NVIDIA Shield TV Pro against green background

(Image credit: Harish Jonnalagadda / Android Central)

That said, there have been a few issues over the years. One of the units is prone to freezing once a week, and Bluetooth pairing is wonky on another unit. NVIDIA moved away from GameStream, and while that’s annoying, Moonlight is an alternative that works just as reliably, so it wasn’t a big issue.

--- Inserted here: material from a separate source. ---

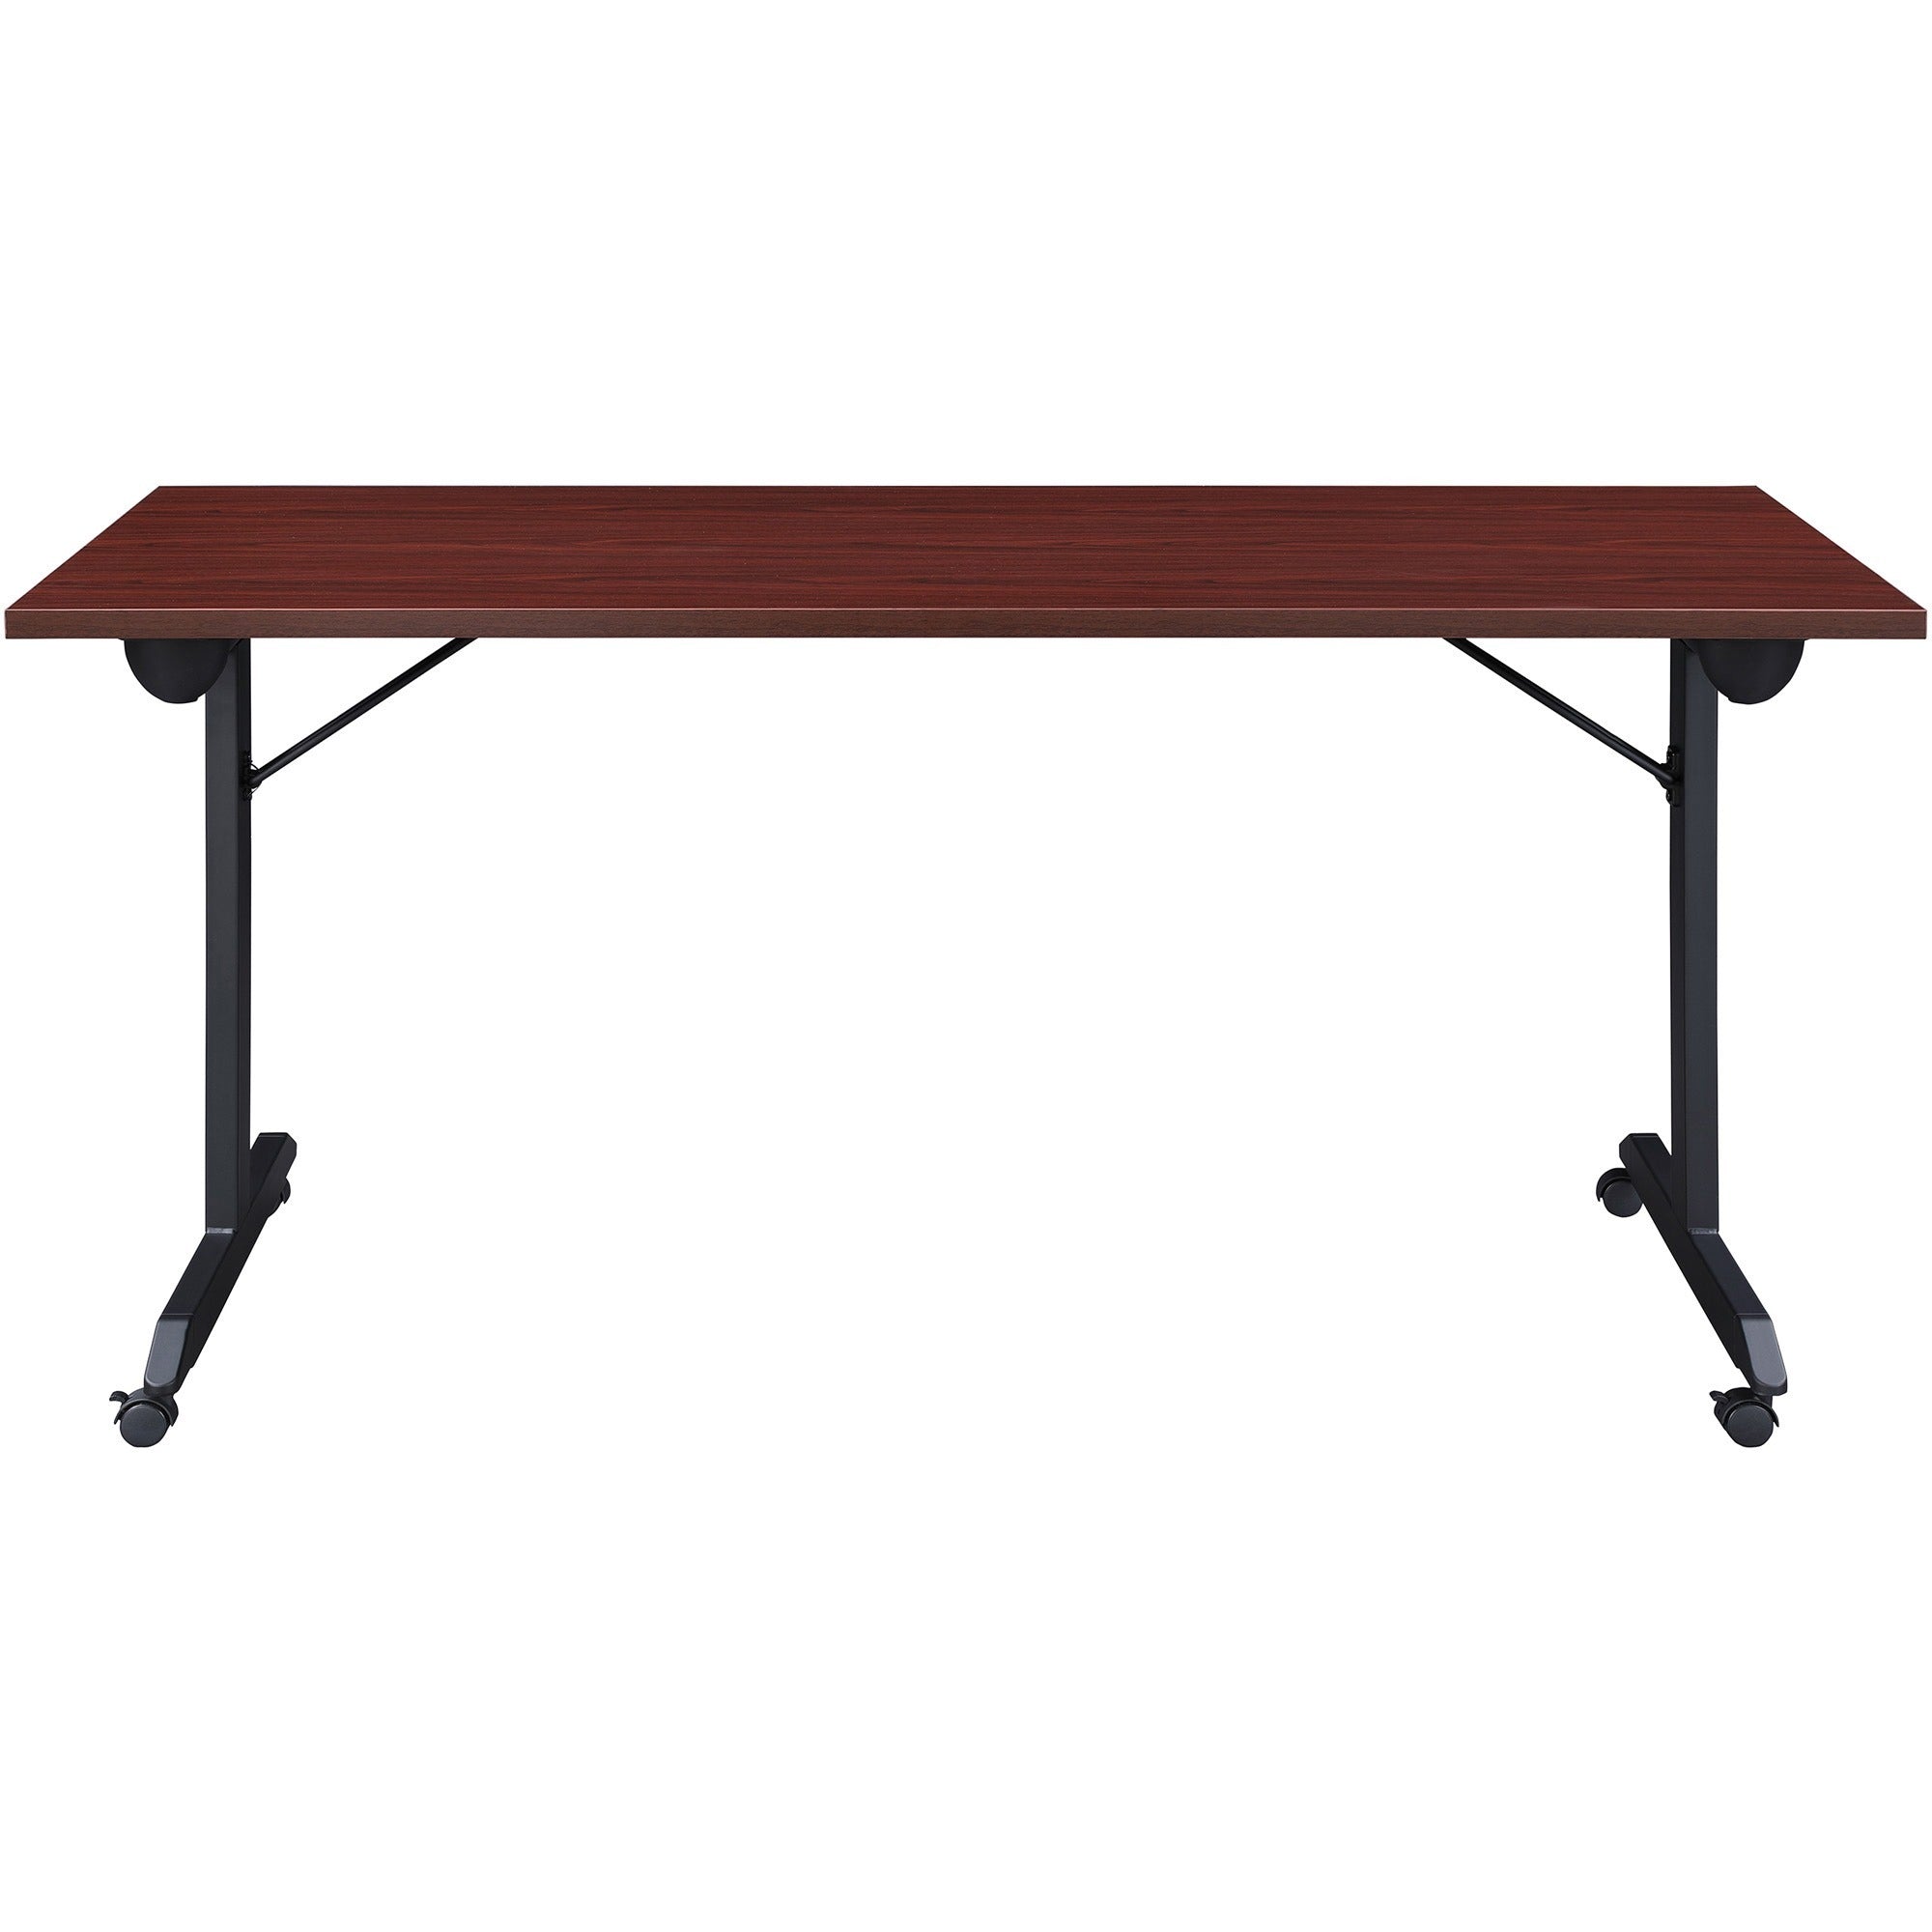 lorell-mobile-folding-training-table-for-table-toprectangle-top-powder-coated-base-200-lb-capacity-x-63-table-top-width-2950-height-x-63-width-x-24-depth-assembly-required-mahogany-1-each_llr60735 - 3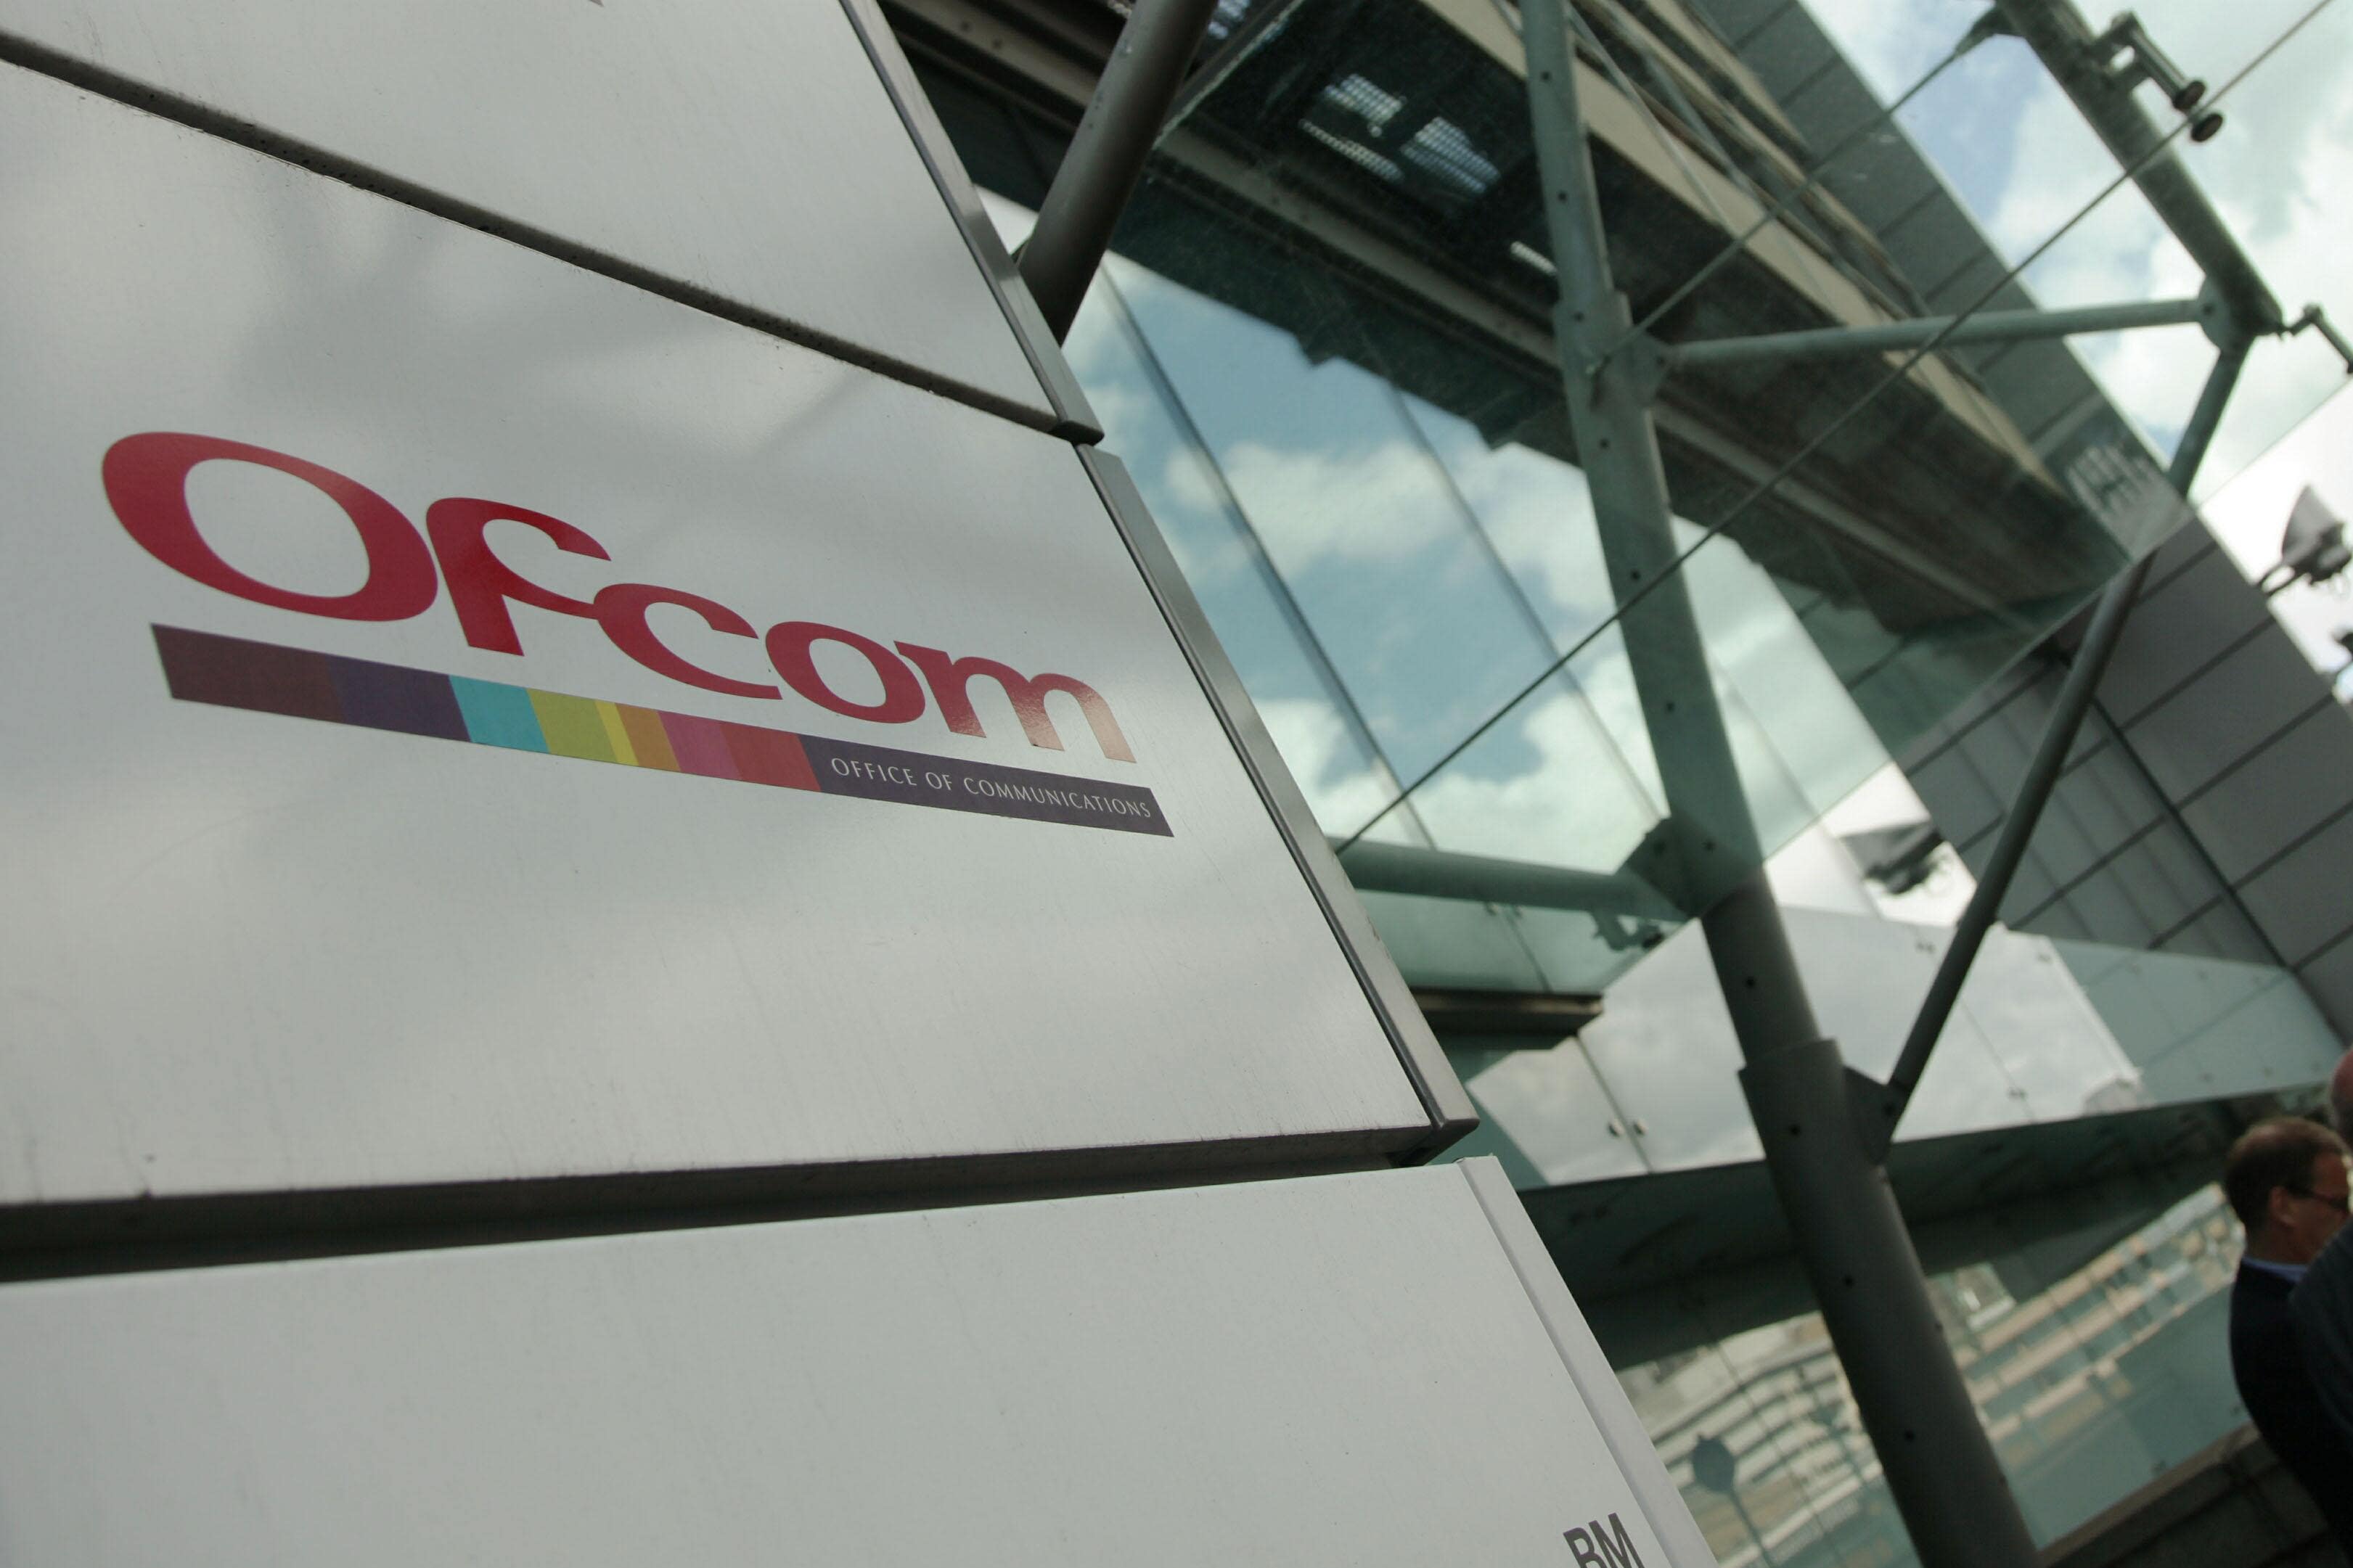 The offices of Ofcom (Office of Communications) in Southwark, London (Yui Mok/PA)

At the end of the day, the underlying Tegra X1 hardware is still decent enough even though it is nine years old at this point, and honestly, there isn’t another streaming device that is as good as the Shield TV Pro. Yes, there are things I would want to see in a 2024 variant of the device — AV1 decode, DLSS tech that’s similar to what’s on the latest NVIDIA video cards, and HDMI 2.1 connectivity.

A newer Shield TV Pro would be a killer device, but it doesn’t look like that’s a priority for NVIDIA at the moment. The chip vendor is making so much money via its AI business that it doesn’t need to focus on any other product line, including the GeForce portfolio. The Shield TV is in the same boat, but if NVIDIA were to provide the hardware for Nintendo’s Switch 2 (as leaks suggest), it isn’t outlandish to assume the brand will introduce a next-gen Shield TV that uses the same platform.

We’ll have to wait and see if that pans out, but if you’re dissatisfied with your current streaming device and want something better, the Shield TV Pro is still the one I’d recommend.